Reputation: 1120
I have the following table:
day_1 = as.Date('2020-03-02')
day_2 = as.Date('2021-03-02')
day_3 = as.Date('2021-02-02')
data_example <- data.frame(pay_date = c(rep(day_1,4),rep(day_2,3),rep(day_3,3)),
arrears = c(0,0:2,rep(0:2,2)),
to_pay = c(2:5,2:4,4:6),
paid = c(2:5,2,3,0,4,0,0))
The data is:
> data_example
pay_date arrears to_pay paid
1 2020-03-02 0 2 2
2 2020-03-02 0 3 3
3 2020-03-02 1 4 4
4 2020-03-02 2 5 5
5 2021-03-02 0 2 2
6 2021-03-02 1 3 3
7 2021-03-02 2 4 0
8 2021-02-02 0 4 4
9 2021-02-02 1 5 0
10 2021-02-02 2 6 0
I want to aggregate the data by pay_date and arrears, and accumulate the amounts to_pay (in col1) and paid (in col2). Then I want to create col 3, which is the cumulate sum of col 1
. For example, for '2020-03-02', for arrears 0, the cumulative sum is 5. For arrears 1, the cumulative sum is 5 (from arrears 0) + 4 (from arrears 1) = 9. For arrears 2, the cumulative sum is 5 + 4 + 5 (from arrears 2:
pay_date arrears col1 col2 col3
* <date> <dbl> <int> <dbl> <int>
1 2020-03-02 0 5 5 5
2 2020-03-02 1 4 4 9
3 2020-03-02 2 5 5 14
The next calculation is col 4, which is the cumulative sum of col 2.

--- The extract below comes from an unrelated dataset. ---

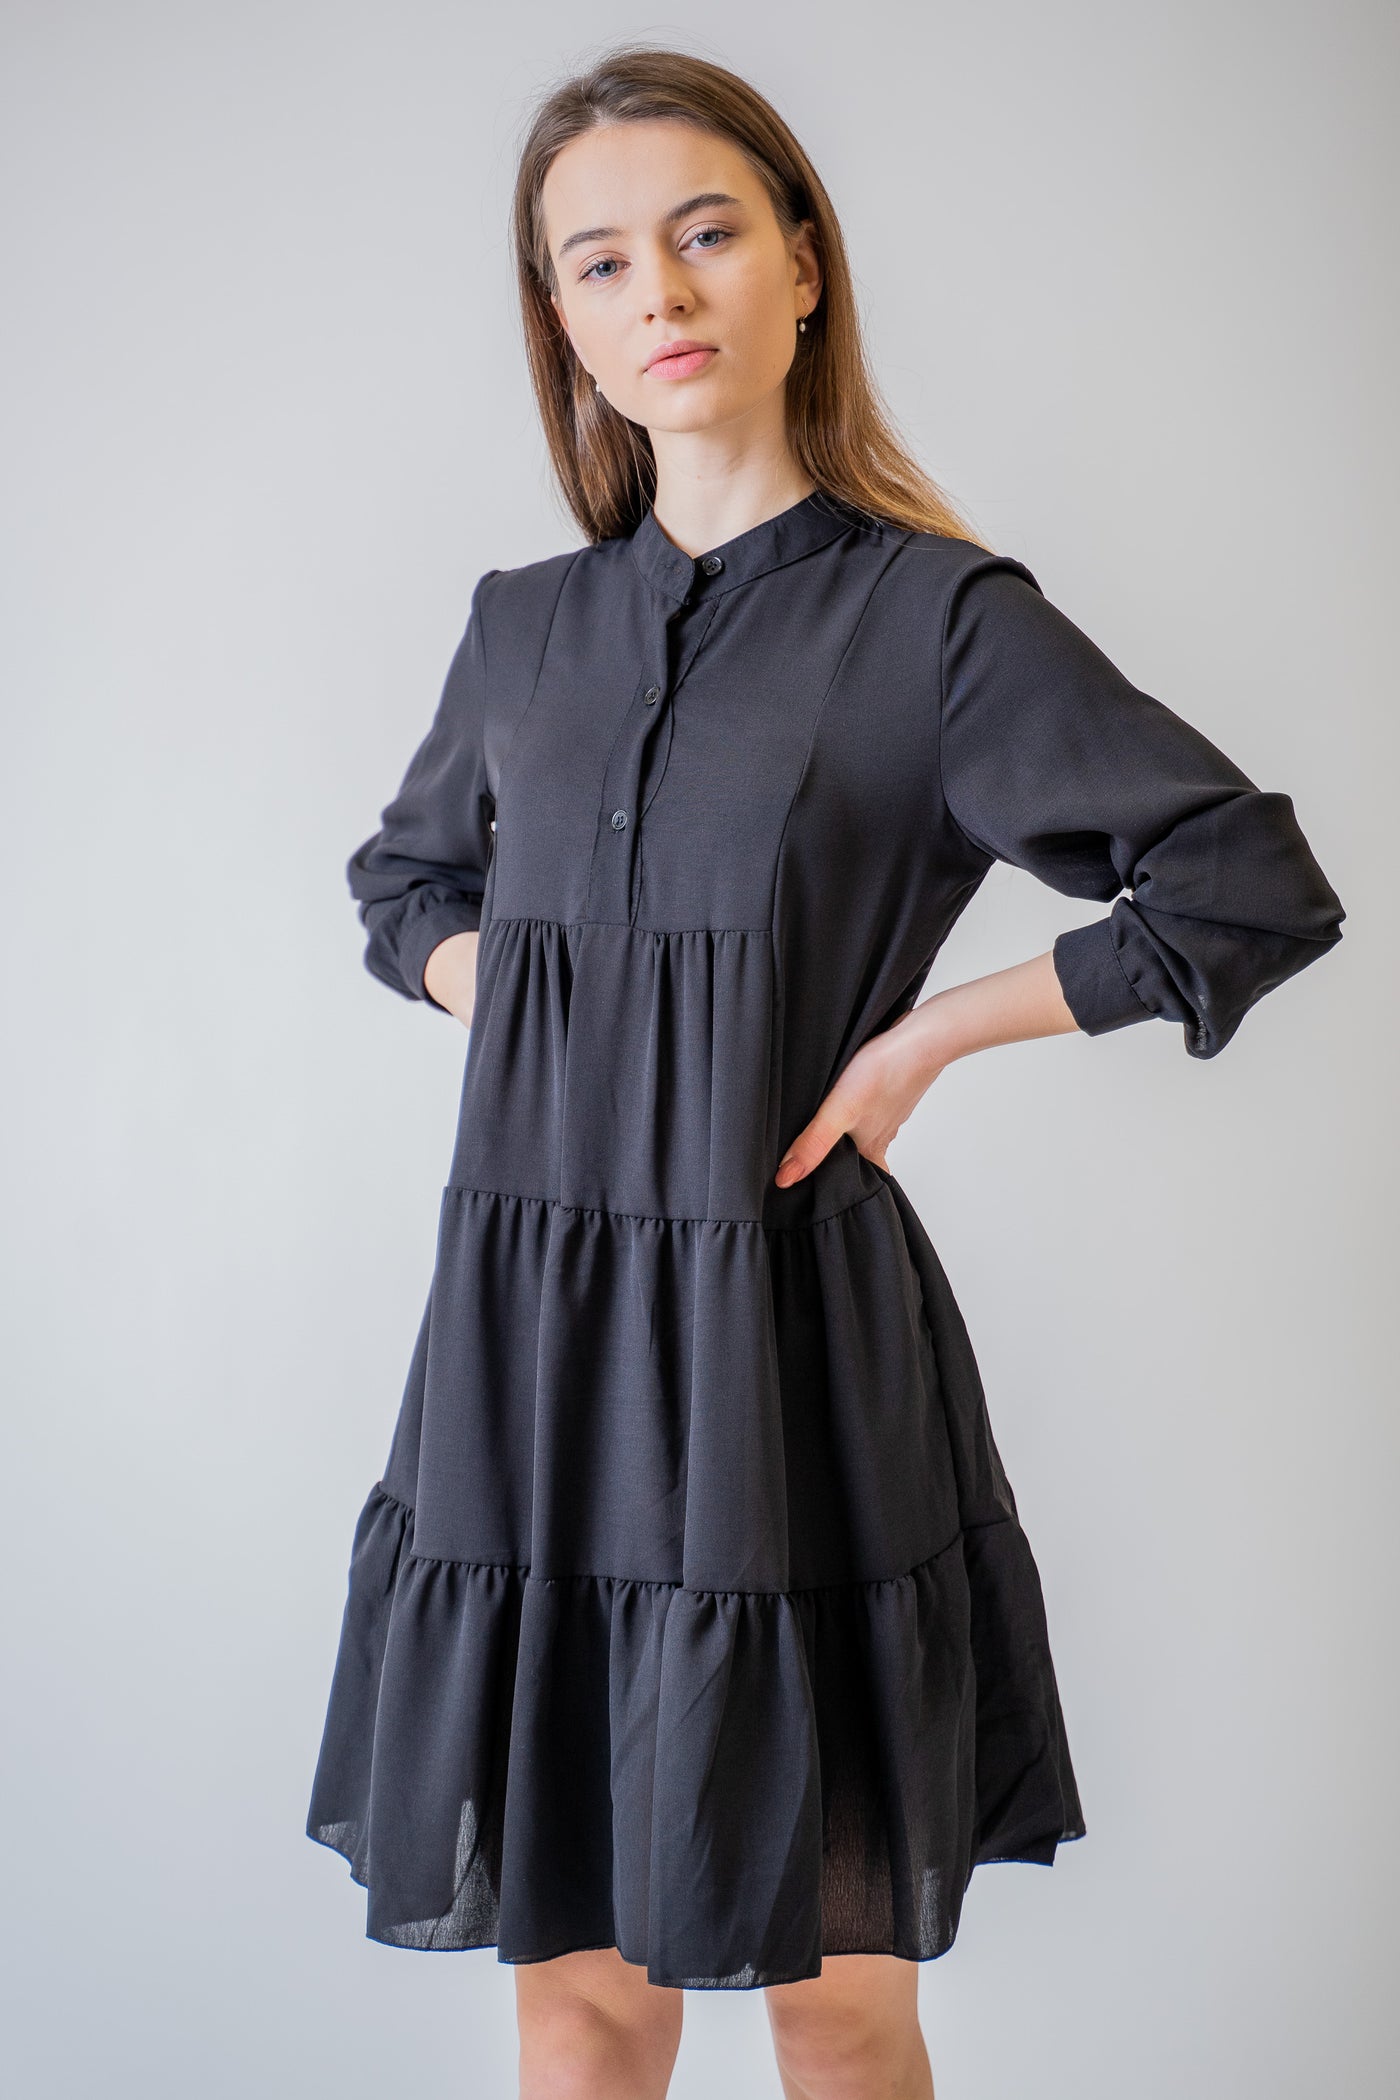 Čierne košeľové šaty s volánmi - UNI - Šaty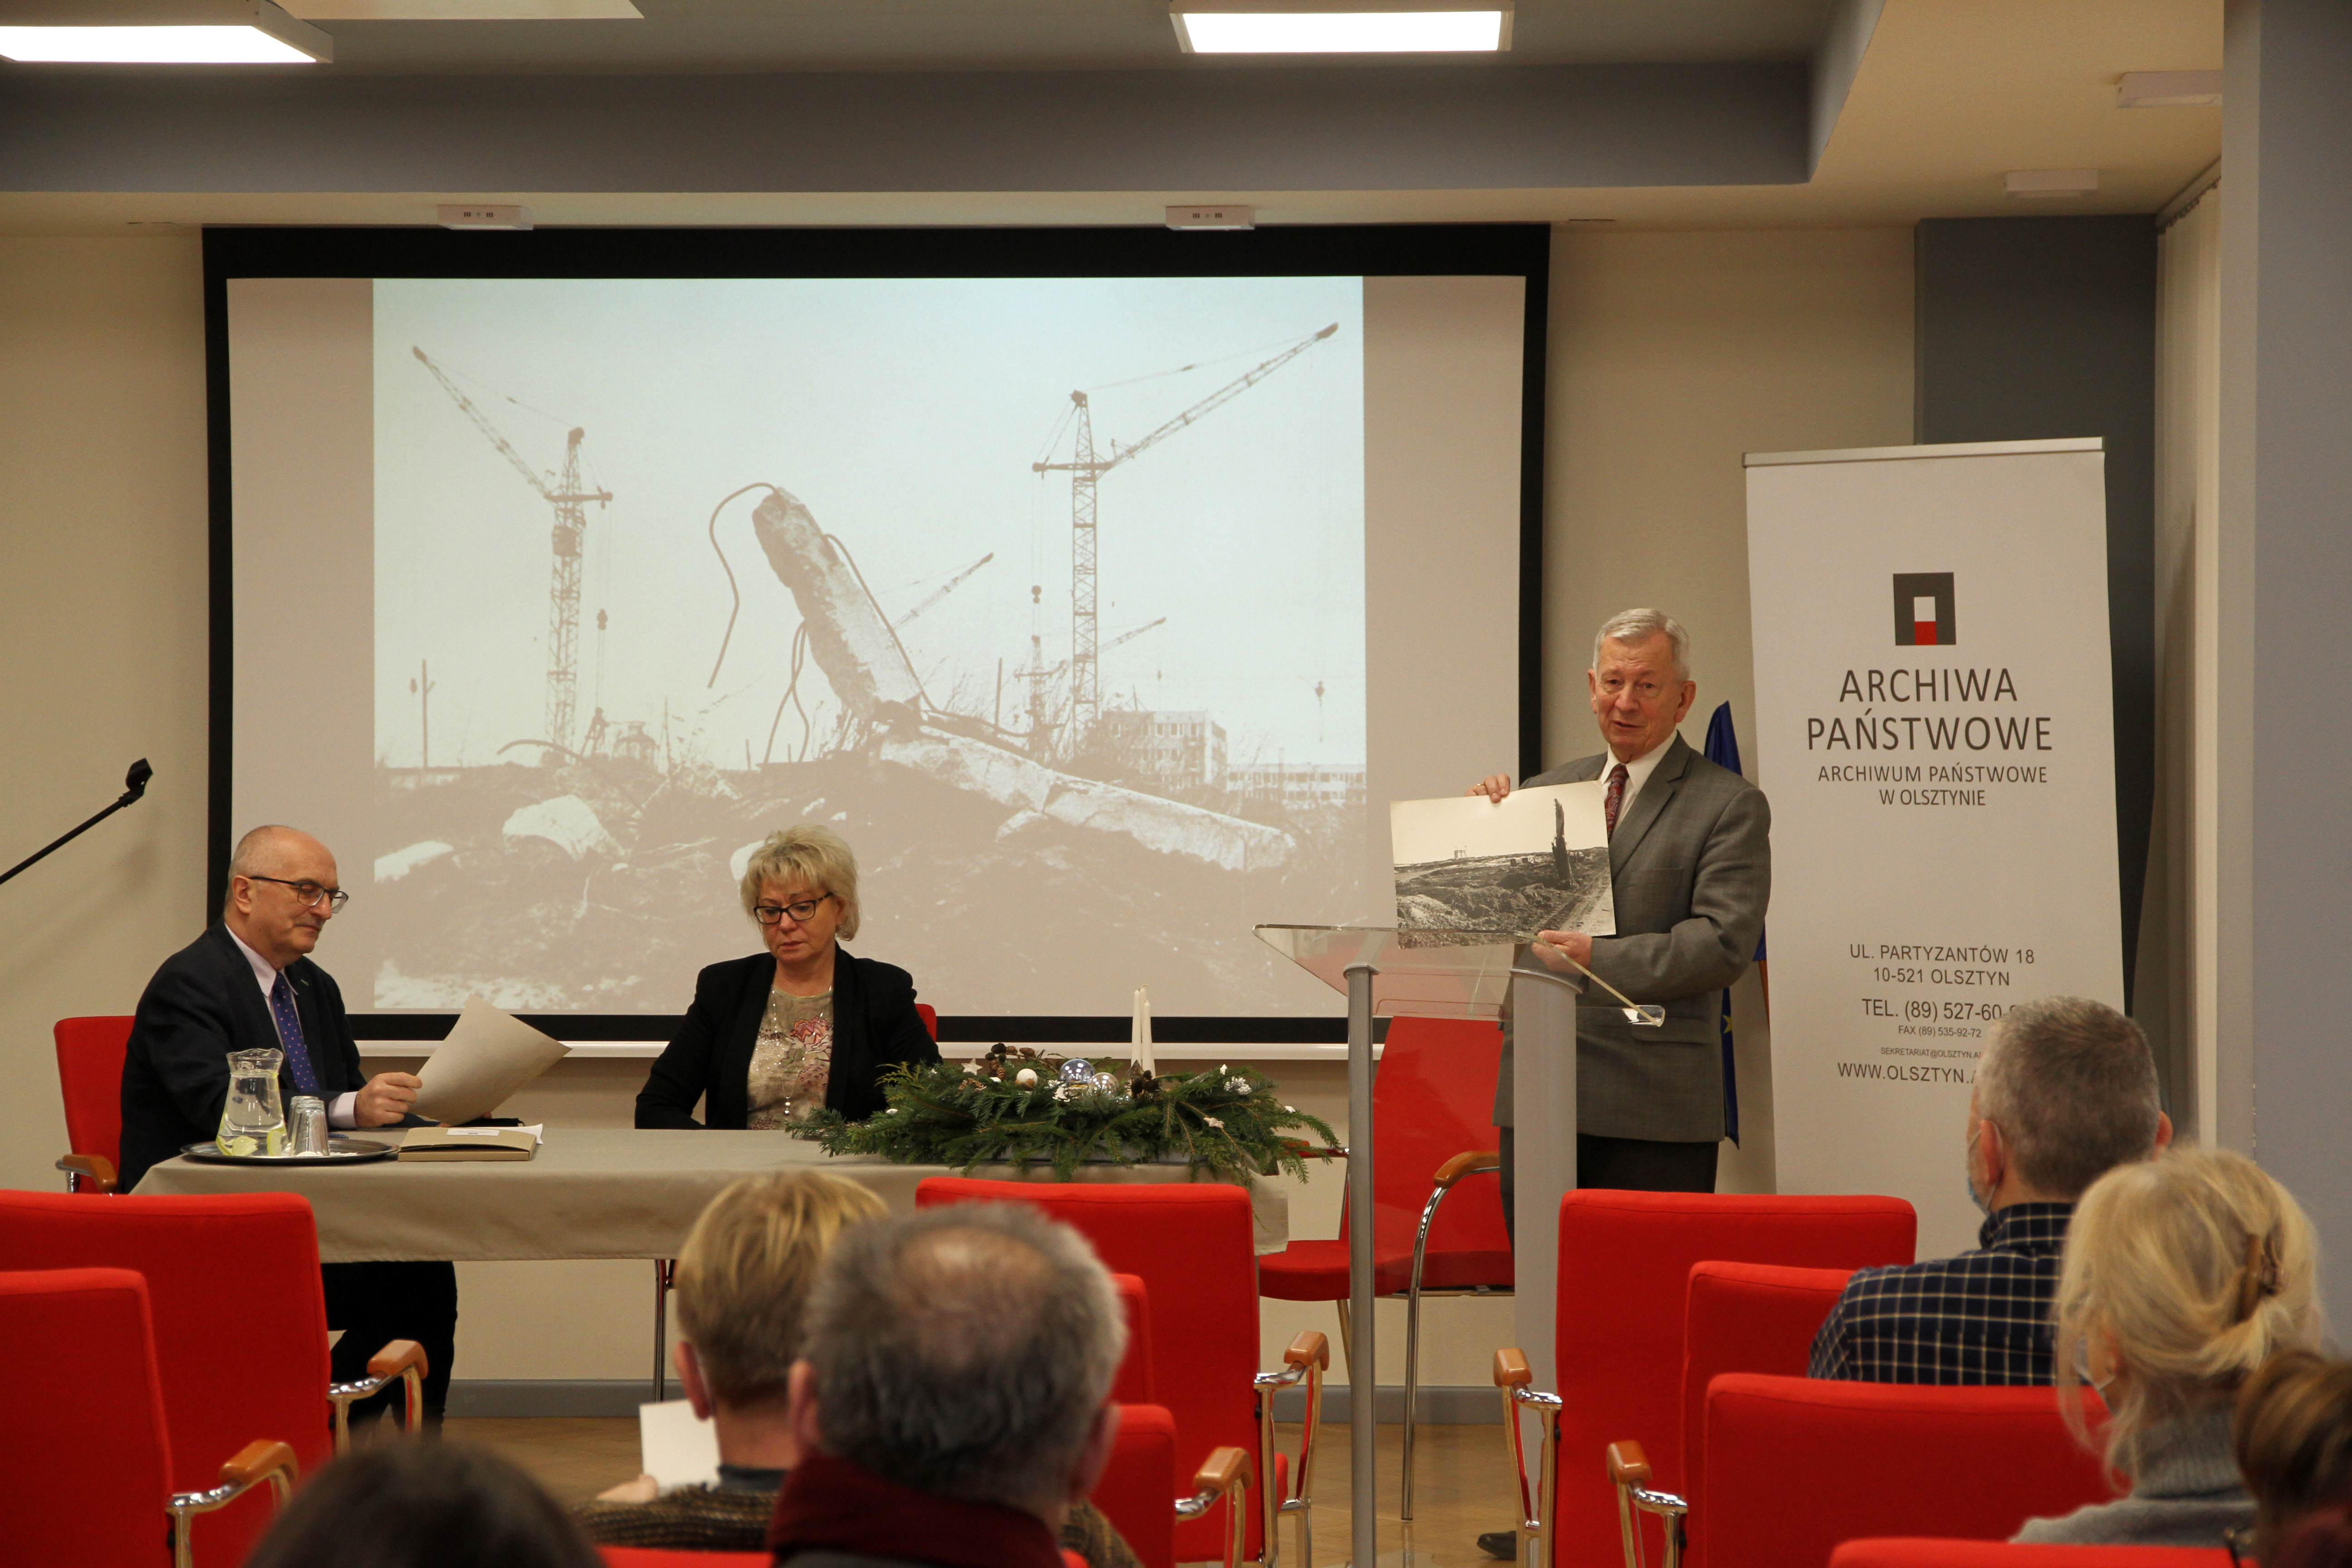 Dyrektor Kasparek i redaktor Gieczewska siedzą za stołem konferencyjnym. Po lewej stoi Roman Przedwojski i prezentuje jedno z przekazanych zdjęć. W tle prezentacja z innymi przekazanymi zdjęciami.

Col 5 is the total sum of to_pay
by pay_date
.
The payment performance is col4/col5. This is the expected result:
pay_date arrears col1 col2 col3 col4 col5 `Payment performance`
* <date> <dbl> <int> <dbl> <int> <dbl> <int> <dbl>
1 2020-03-02 0 5 5 5 5 14 0.36
2 2020-03-02 1 4 4 9 9 14 0.64
3 2020-03-02 2 5 5 14 14 14 1.00
4 2021-02-02 0 4 4 4 4 15 0.27
5 2021-02-02 1 5 0 9 4 15 0.27
6 2021-02-02 2 6 0 15 4 15 0.27
7 2021-03-02 0 2 2 2 2 9 0.22
8 2021-03-02 1 3 3 5 5 9 0.56
9 2021-03-02 2 4 0 9 5 9 0.56
I tried this code but I failed to group the sums:
data_example %>%
group_by(pay_date, arrears) %>%
summarise(col1 = sum(to_pay),
col2 = sum(paid),
.groups = "drop") %>%
mutate(col3 = cumsum(col1),
col4 = cumsum(col2),
col5 = sum(col1),
`Payment performance` = round(col4/col5, digits = 2))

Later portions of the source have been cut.